The required output is the exact run of lines from the one that contains "This consist of" to the end of the data, with every picture left out.

*Supplied information*.
┌────────
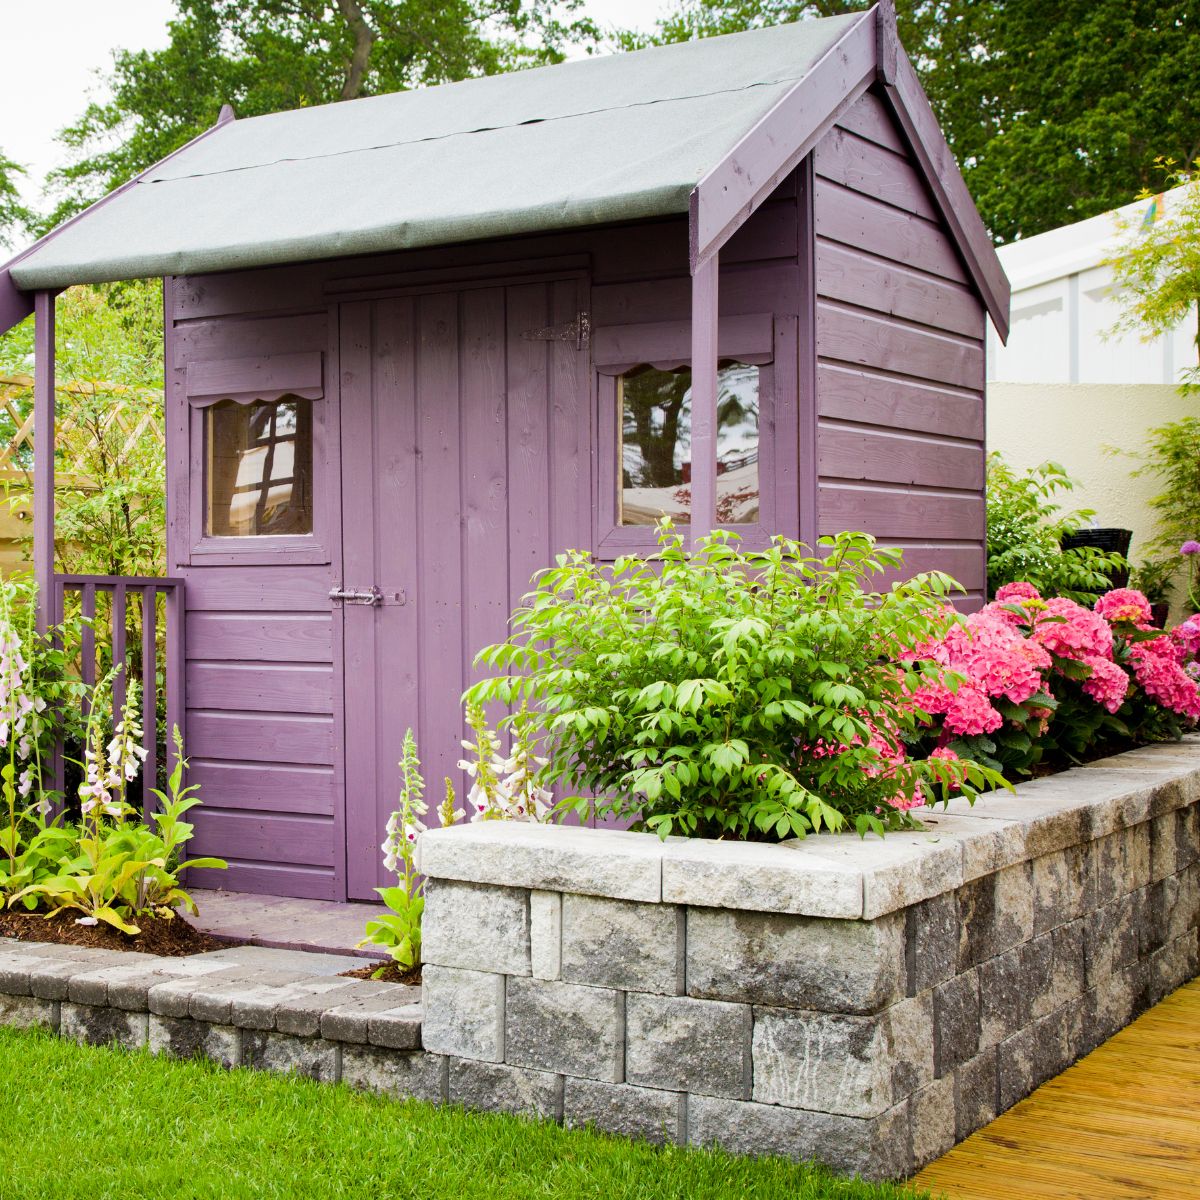 A lavender colored shed, with a stone retaining wall and some pink hydrangea flowers.
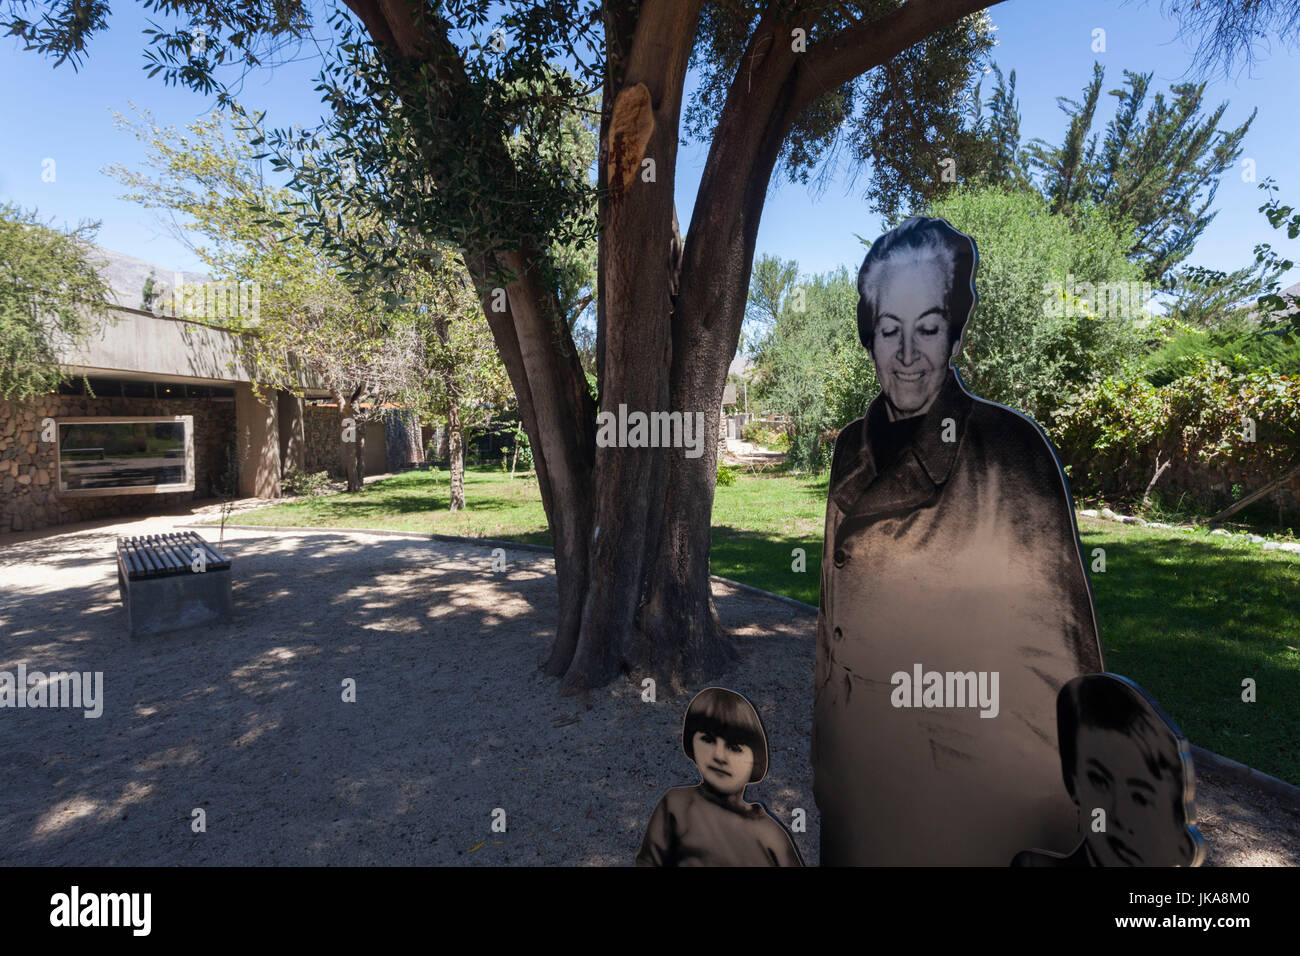 Chile Elqui Valley Vicuna Museo Gabriela Mistral Dedicated To Noble Prize Winning Poet Gabriela Mistral Artwork Stock Photo Alamy
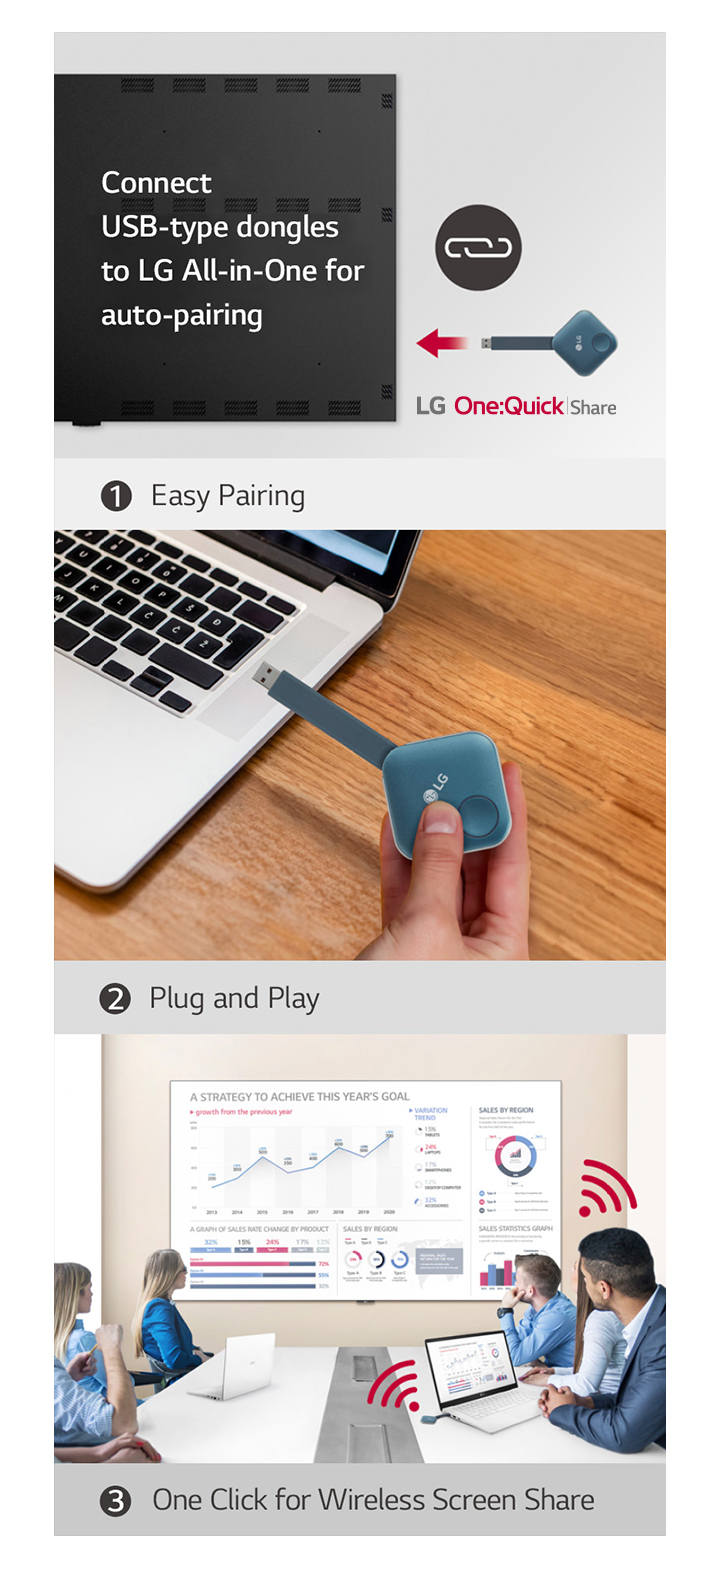 This consist of images displaying the 3-step instructions on installing LG One:Quick Share USB Dongle and sharing the personal screen. The first image pairs the USB Dongle and the LG signage. The second image describes a person holding the USB dongle, attempting to connect it to the PC. The last image consists of people having a meeting by connecting an USB dongle device to a laptop, then sharing the screen through the LAEC on the wall.
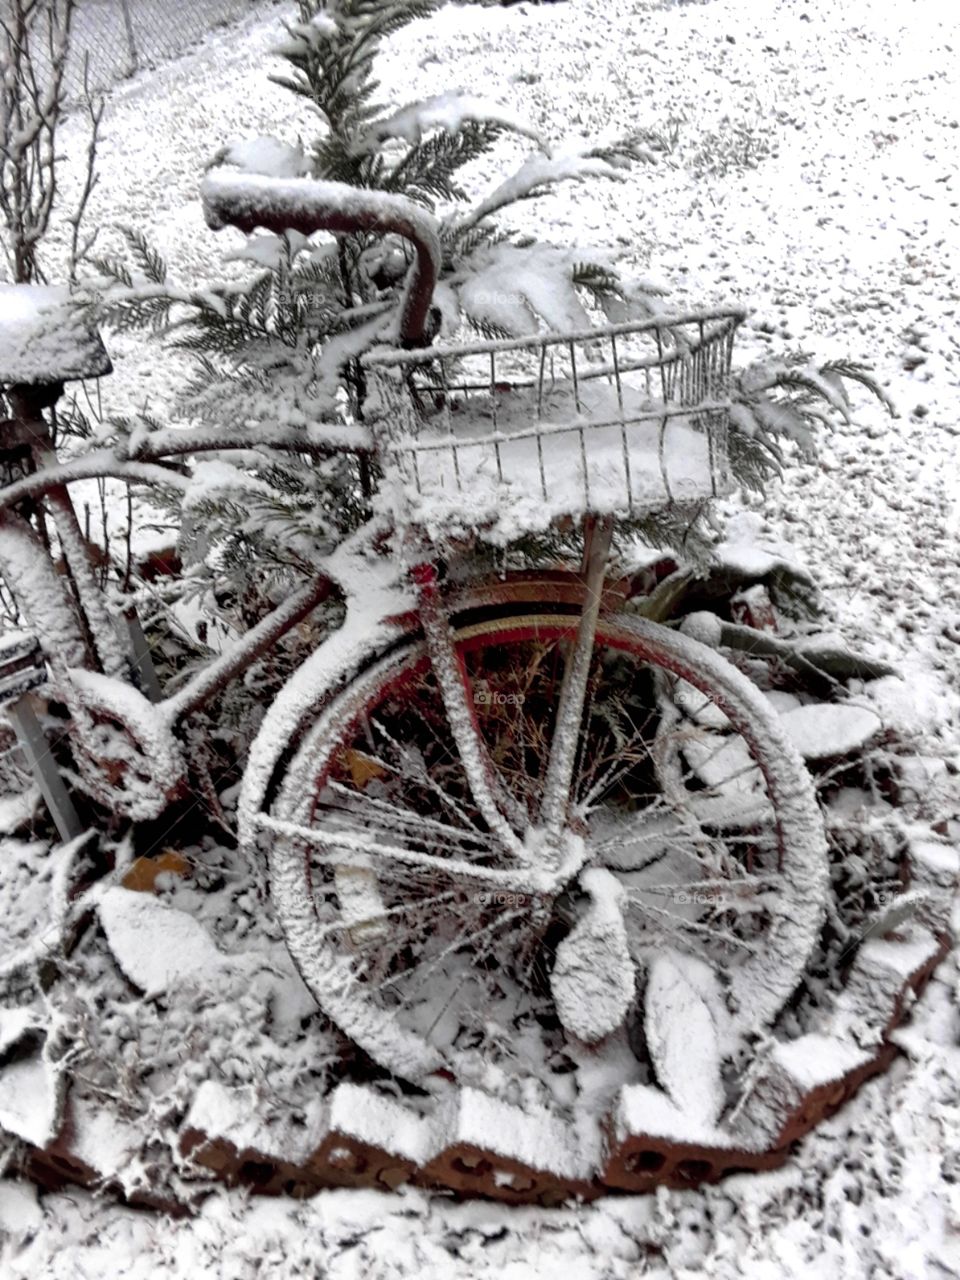 snow on old rusted bicycle with plants
└────────
*The answer*.
 This consist of images displaying the 3-step instructions on installing LG One:Quick Share USB Dongle and sharing the personal screen. The first image pairs the USB Dongle and the LG signage. The second image describes a person holding the USB dongle, attempting to connect it to the PC. The last image consists of people having a meeting by connecting an USB dongle device to a laptop, then sharing the screen through the LAEC on the wall.
 snow on old rusted bicycle with plants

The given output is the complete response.